**Recorded information**
_ _ _

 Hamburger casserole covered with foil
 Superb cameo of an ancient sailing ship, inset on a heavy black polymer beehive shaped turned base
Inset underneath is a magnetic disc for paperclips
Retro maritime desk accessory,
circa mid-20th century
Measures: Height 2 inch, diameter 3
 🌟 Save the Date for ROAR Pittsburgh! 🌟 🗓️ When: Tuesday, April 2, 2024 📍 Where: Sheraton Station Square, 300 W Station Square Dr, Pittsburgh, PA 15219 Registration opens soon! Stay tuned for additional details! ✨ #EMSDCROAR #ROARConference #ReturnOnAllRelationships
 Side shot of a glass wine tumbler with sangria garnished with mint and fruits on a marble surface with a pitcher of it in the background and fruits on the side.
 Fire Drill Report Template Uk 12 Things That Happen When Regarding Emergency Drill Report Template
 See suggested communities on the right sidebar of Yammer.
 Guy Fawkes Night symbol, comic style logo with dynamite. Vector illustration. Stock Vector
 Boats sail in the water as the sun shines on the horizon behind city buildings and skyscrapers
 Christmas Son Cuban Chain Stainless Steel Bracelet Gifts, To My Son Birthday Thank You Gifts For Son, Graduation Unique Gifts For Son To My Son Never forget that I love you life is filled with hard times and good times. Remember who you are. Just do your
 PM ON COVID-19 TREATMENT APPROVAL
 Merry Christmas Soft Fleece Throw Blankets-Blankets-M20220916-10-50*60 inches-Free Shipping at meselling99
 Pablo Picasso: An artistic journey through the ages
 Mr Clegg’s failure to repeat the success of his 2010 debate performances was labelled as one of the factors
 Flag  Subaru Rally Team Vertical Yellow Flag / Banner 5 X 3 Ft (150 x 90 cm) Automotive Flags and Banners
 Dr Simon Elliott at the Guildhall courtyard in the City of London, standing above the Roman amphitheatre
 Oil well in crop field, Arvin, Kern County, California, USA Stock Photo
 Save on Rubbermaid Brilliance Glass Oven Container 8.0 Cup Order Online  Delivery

_ _ _

**Problem requirements**
All that belongs in the answer is the run of lines above from the line containing "Superb cameo of" through the line containing "Side shot of", exactly as written.

**Output for this task**
 Superb cameo of an ancient sailing ship, inset on a heavy black polymer beehive shaped turned base
Inset underneath is a magnetic disc for paperclips
Retro maritime desk accessory,
circa mid-20th century
Measures: Height 2 inch, diameter 3
 🌟 Save the Date for ROAR Pittsburgh! 🌟 🗓️ When: Tuesday, April 2, 2024 📍 Where: Sheraton Station Square, 300 W Station Square Dr, Pittsburgh, PA 15219 Registration opens soon! Stay tuned for additional details! ✨ #EMSDCROAR #ROARConference #ReturnOnAllRelationships
 Side shot of a glass wine tumbler with sangria garnished with mint and fruits on a marble surface with a pitcher of it in the background and fruits on the side.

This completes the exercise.